_mm_malloc()

nibbs22@xxxxxxx · Wed, 14 Apr 2010 18:46:22 -0400

Hello, thank you for your time. My name is Kevin

I am a student doing micro-benchmark checks of gcc vs icc on 
autovectorization.
I am using gcc --version
gcc (GCC) 4.4.3 20100127 (Red Hat 4.4.3-4)

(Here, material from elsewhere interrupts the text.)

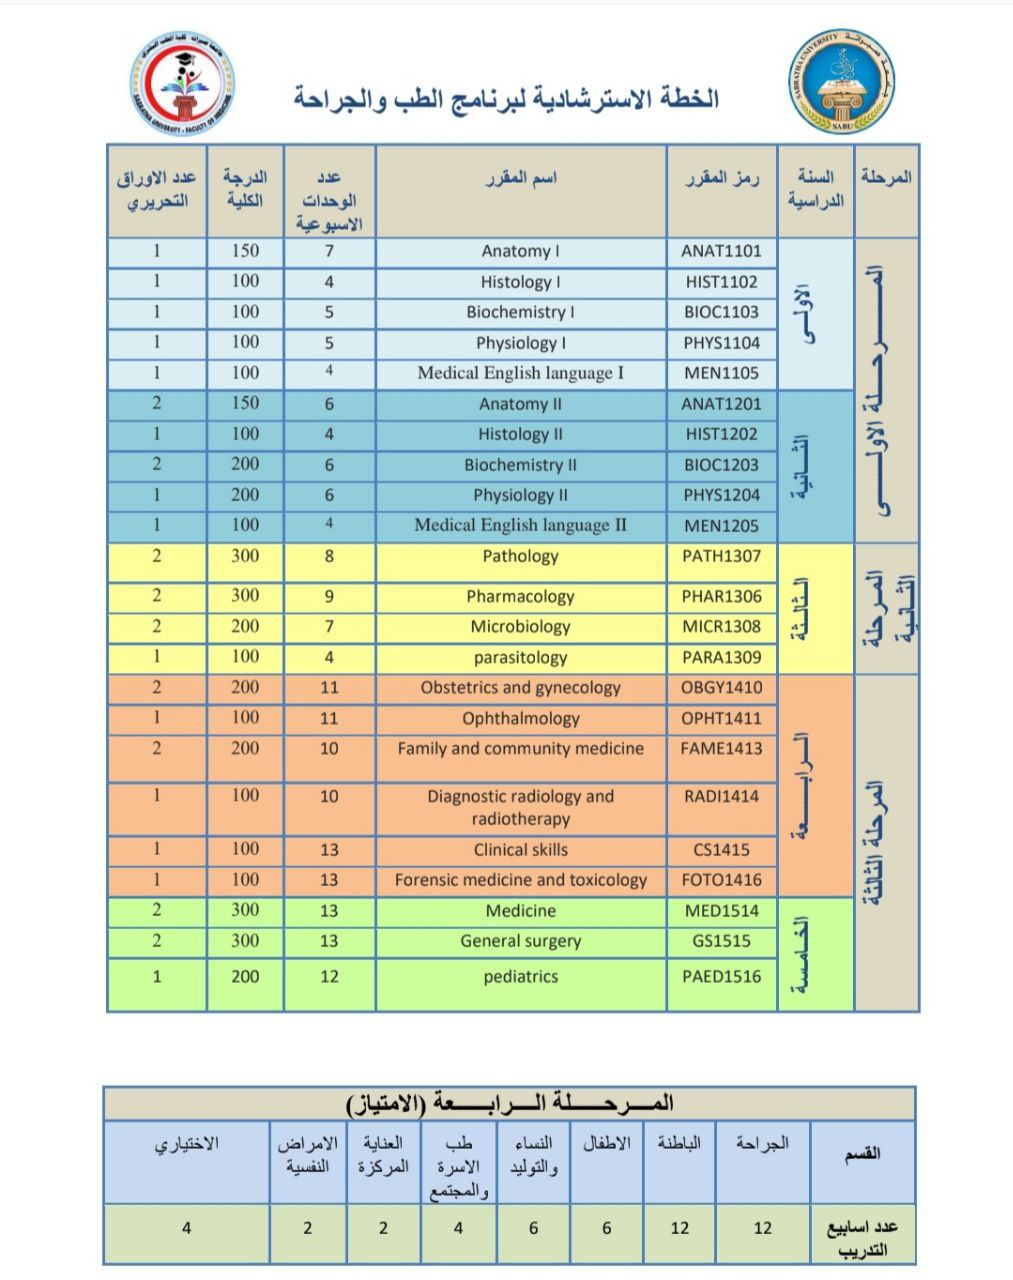 Guidance plan for the medicine and surgery program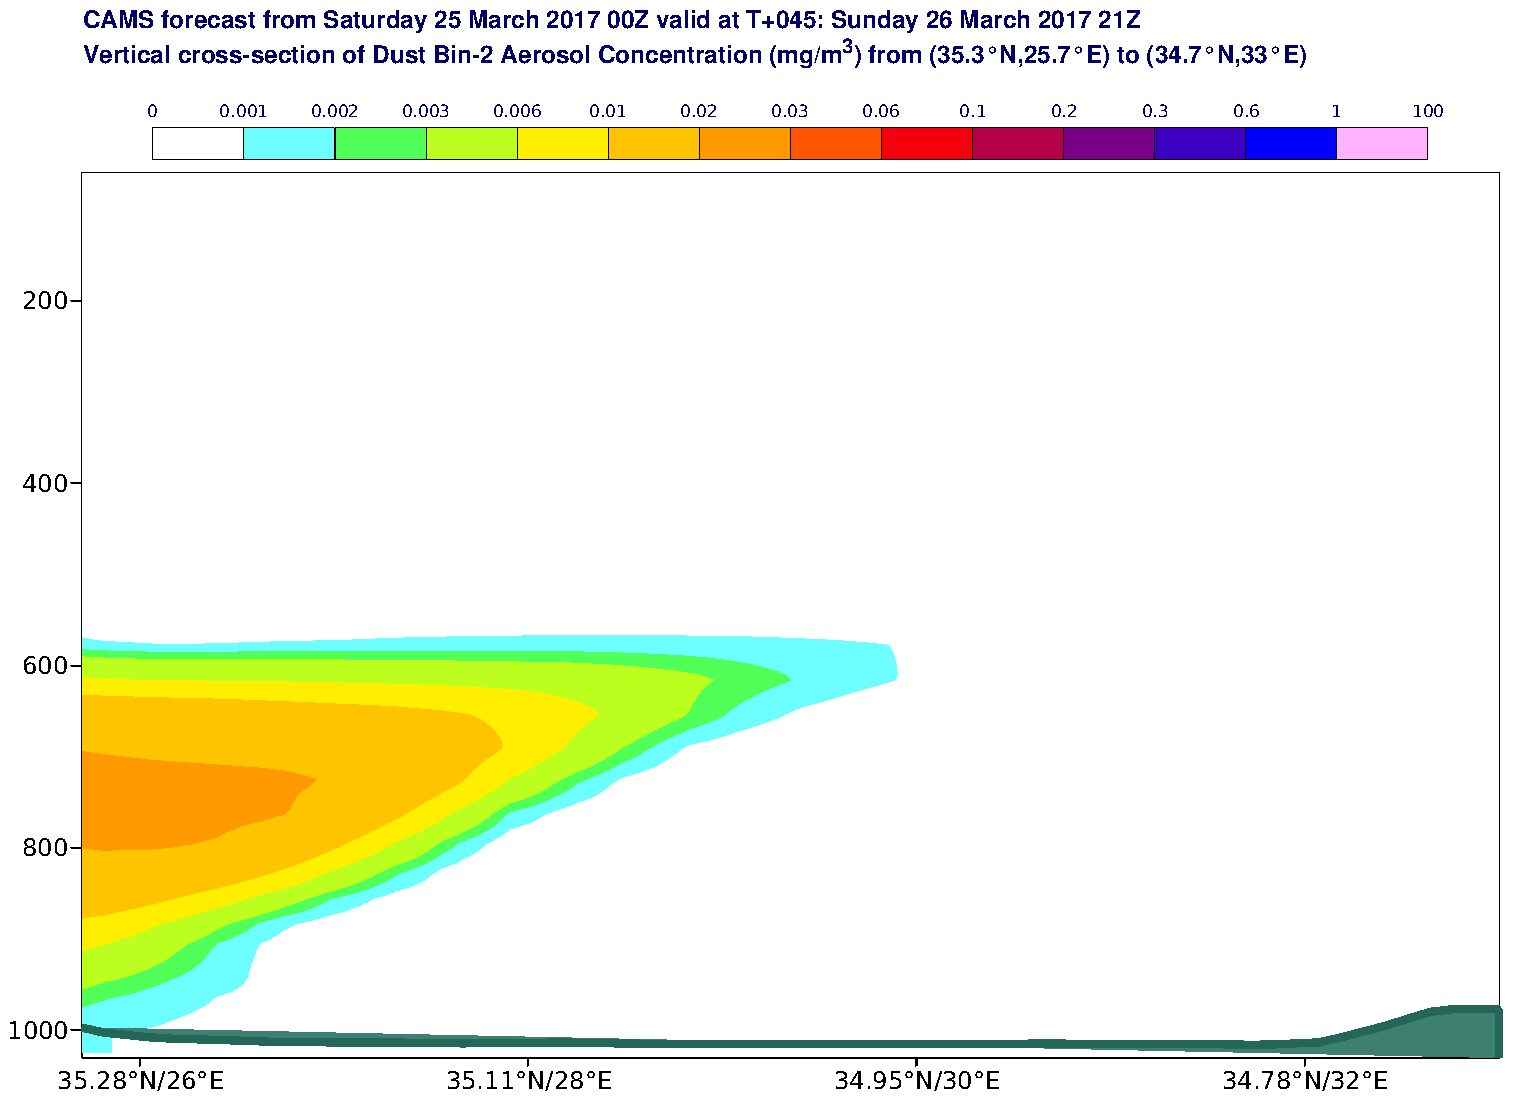 Vertical cross-section of Dust Bin-2 Aerosol Concentration (mg/m3) valid at T45 - 2017-03-26 21:00

The architecture i am testing on is:
processor       : 0
vendor_id       : GenuineIntel
cpu family      : 6
model           : 23
model name      : Intel(R) Core(TM)2 Duo CPU     E8300  @ 2.83GHz
stepping        : 6
cpu MHz         : 2833.148
cache size      : 6144 KB
...

I am specifically using an example 1 on the below website.
gcc.gnu.org/projects/tree-ssa/vectorization.html

I have contacted the authors of the website and they recommended I 
forward my question to you.

My question concerns a vectorization of code from the site and the 
aligned property of
pointers returned from _mm_malloc.

I will use an example from the above site, modified slightly:

example1:
// _mm_malloc the arrays
int M = 4*1024*1024

 if (( A  = (float*) _mm_malloc( M*sizeof(float),16) ) == NULL) {

 printf("ERROR ALLOCATING mybuffer1\n");

 exit(1);  }

 if (( B   = (float*) _mm_malloc( M*sizeof(float),16) ) == NULL) {

 printf("ERROR ALLOCATING mybuffer2\n");

 fflush(stderr);

 exit(1);  }

 if (( C = (float*) _mm_malloc( M*sizeof(float),16) ) == NULL) {

 printf("ERROR ALLOCATING mybuffer3\n");

 exit(1);  }
int i;
for (i=0; i<M; i++)  A[i] = B[i] + C[i];

I will also attach the entire compilable file to this email. So you can 
compile it if you wish.

My question is,
When I use
gcc -O3 -msse4 -ftree-vectorizer-verbose=6 example1.c

I get (among a lot of other stuff):

example1.c:75: note: Alignment of access forced using peeling.
example1.c:75: note: Vectorizing an unaligned access.
example1.c:75: note: Vectorizing an unaligned access.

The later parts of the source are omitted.